Monitor Songbird Lab to address illegal and unsustainable songbird trade
Coordination and collaboration are key to conservation success. To address the illegal and unsustainable songbird trade, Monitor and the Silent Forest Group have together created the Monitor Songbird Lab.
The Monitor Songbird Lab is a joint effort to increase evidence-based research outputs on songbird trade and its effects on biodiversity, and has already resulted in multiple publications, produced in collaboration with several different NGOs and universities. Coordinated by Monitor’s Boyd Leupen, its researchers include Simon Bruslund from the Silent Forest Group and Monitor Executive Director Chris R. Shepherd.
© Cikananga Conservation Breeding Centre
“Accessible evidence-based research and data, as well as inter-organizational cooperation, are of the highest importance as we work towards a future in which songbird trade no longer poses a threat to wild populations,” says Leupen.
In addition to publications, a comprehensive data package on the global songbird trade was developed in close cooperation with the Species360 Conservation Science Alliance and the University of Southern Denmark. As part of this project, the Songbirds in Trade Database (SiTDB) was created – the world’s first global open-source songbird trade database – and it is one of the Monitor Songbird Lab’s main ongoing projects.

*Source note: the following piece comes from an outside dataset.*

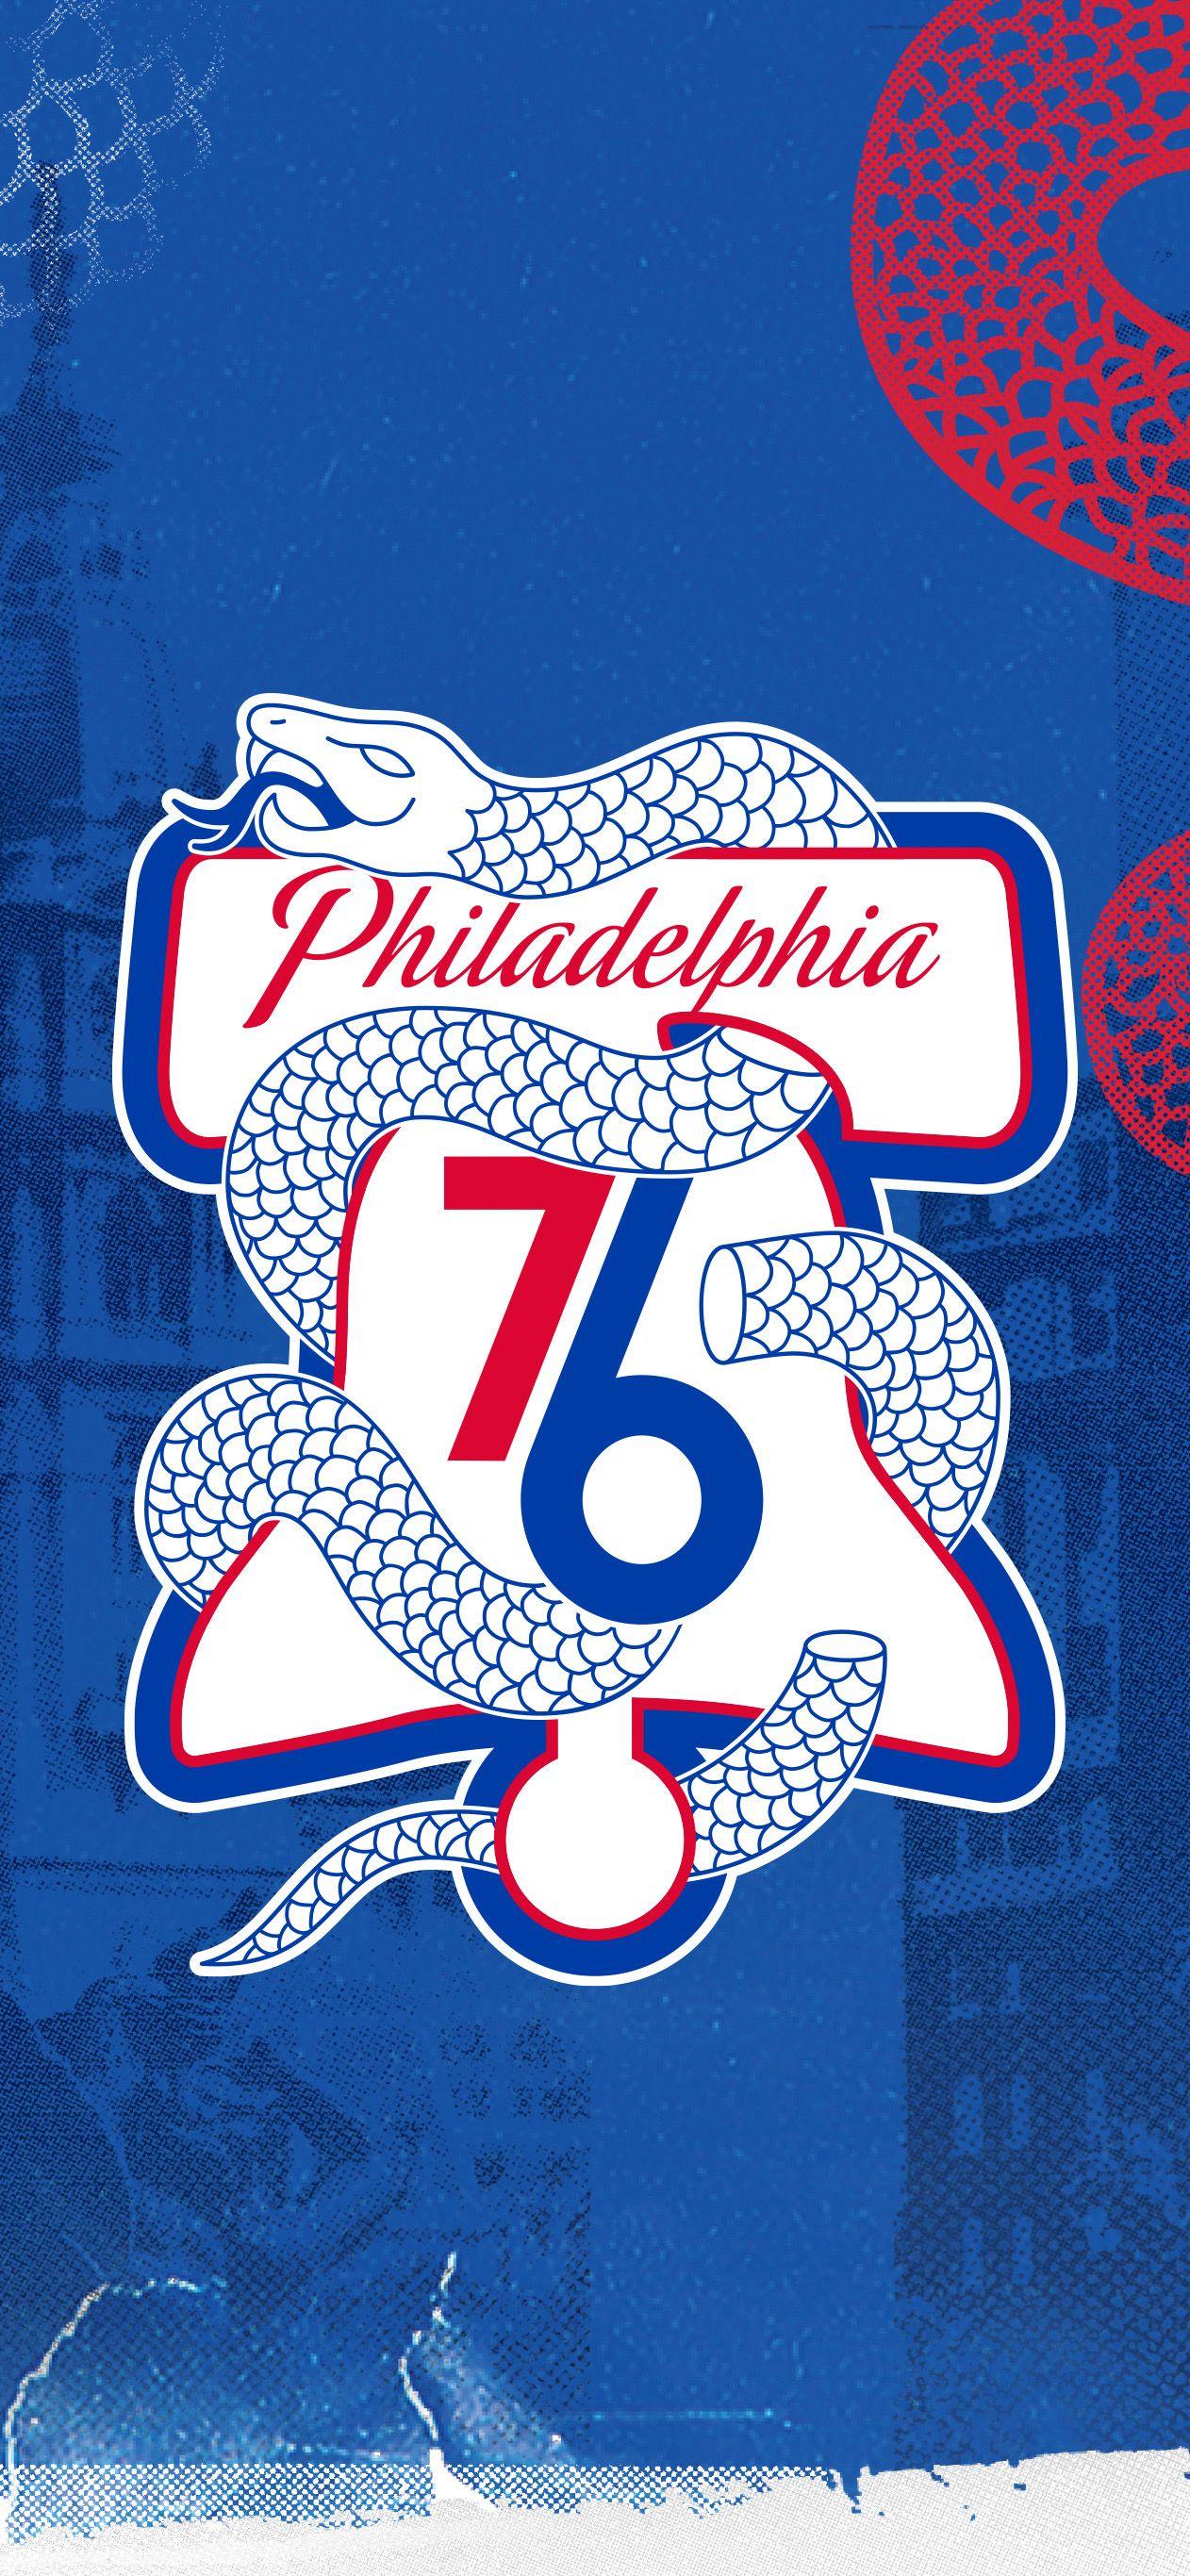 Philadelphia 76ers Sixers Wallpaper Philadelphia 76ers Team Wallpaper 76ers
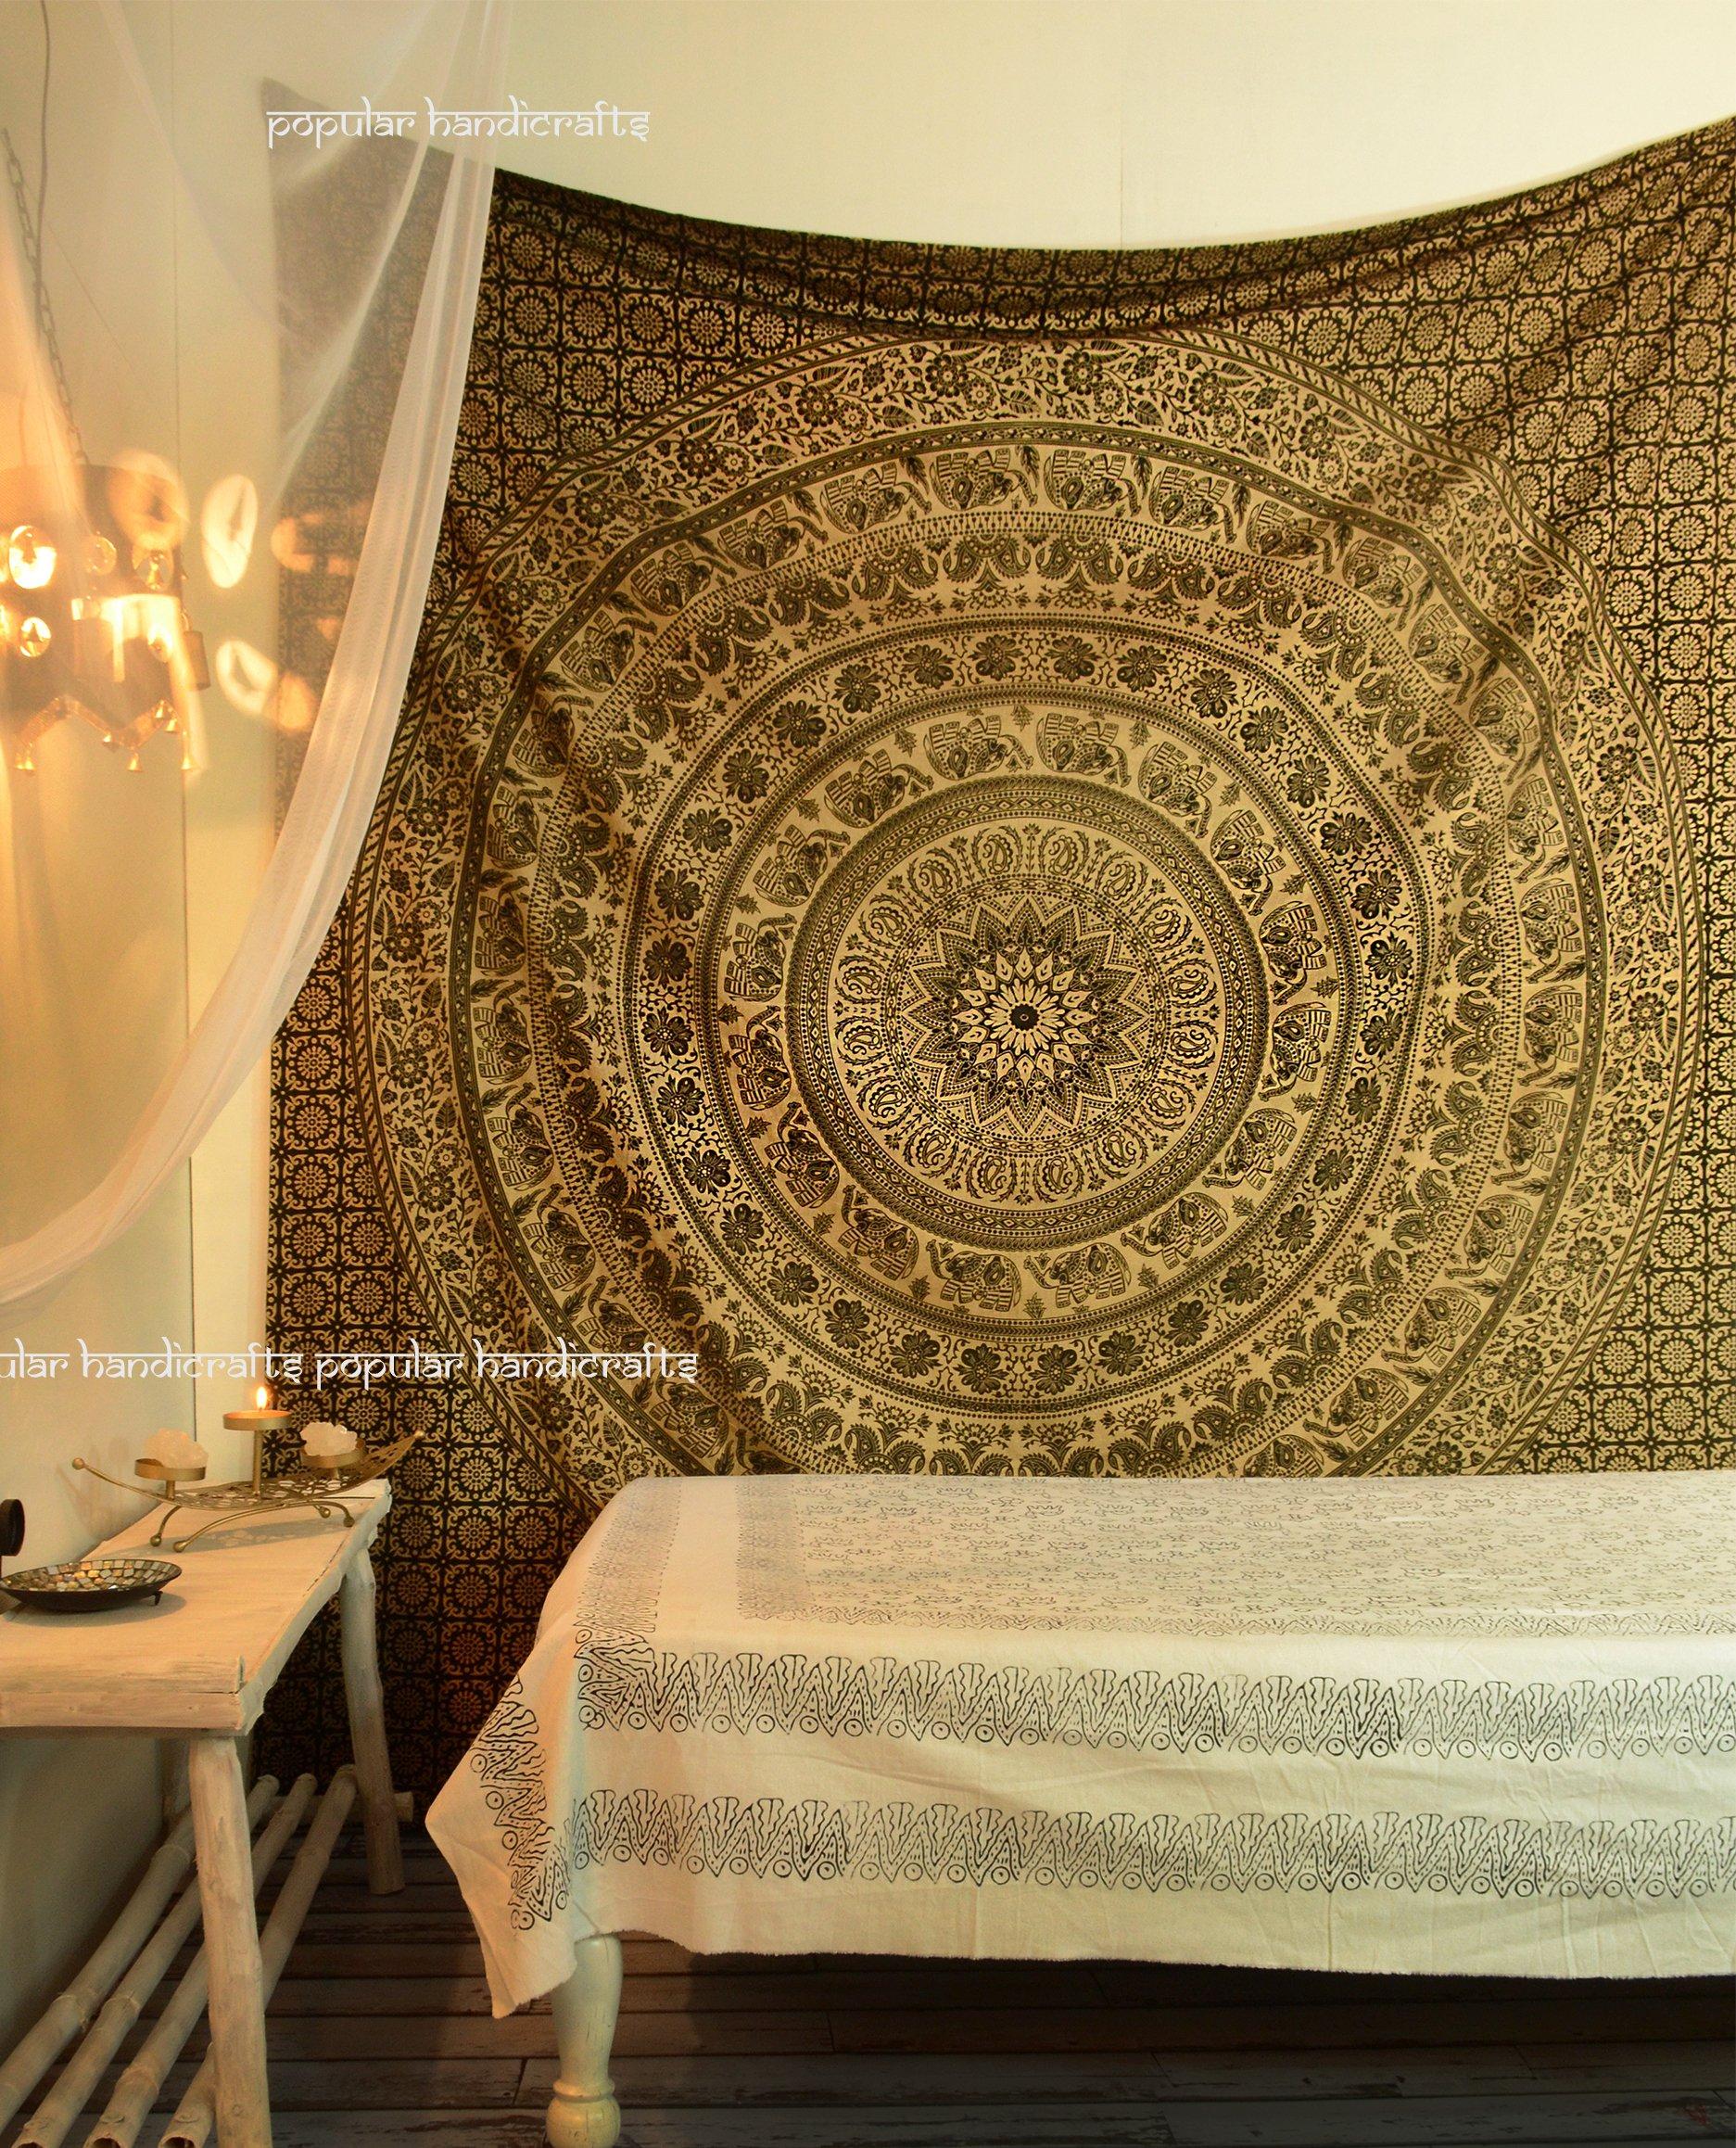 Popular Handicrafts d Kp714 Elephant Tapestry Wall Hanging Hippie Bohemian Mandala Wall Art With Metallic Shine tapestries (215x230cms) Gold on Black dye

The SiTDB compiles all available national and international commercial trade data pertaining to live songbirds. Data from a wide variety of sources is collected for each species, including occurrence of domestic and/or international trade, trade volumes, trade and trafficking routes and information on captive breeding records. By focusing on all available data for all songbird species (gathered from peer-reviewed literature, published and unpublished notes by professionals in the fields of ornithology, aviculture and conservation, expert opinion, and direct observations in physical and online markets), the SiTDB aims to fill knowledge gaps that have resulted from research- and data biases towards commonly traded species and species that are already protected in legal frameworks.
The SiTDB will provide a clear and accessible overview of our current knowledge of the commercial songbird trade and its conservation impact, generating information on current trends, priority species and urgent research needs. The SiTDB will be a freely available tool, to be used by both the conservation community and relevant authorities to support policy change, enforcement actions, demand reduction campaigns and conservation efforts.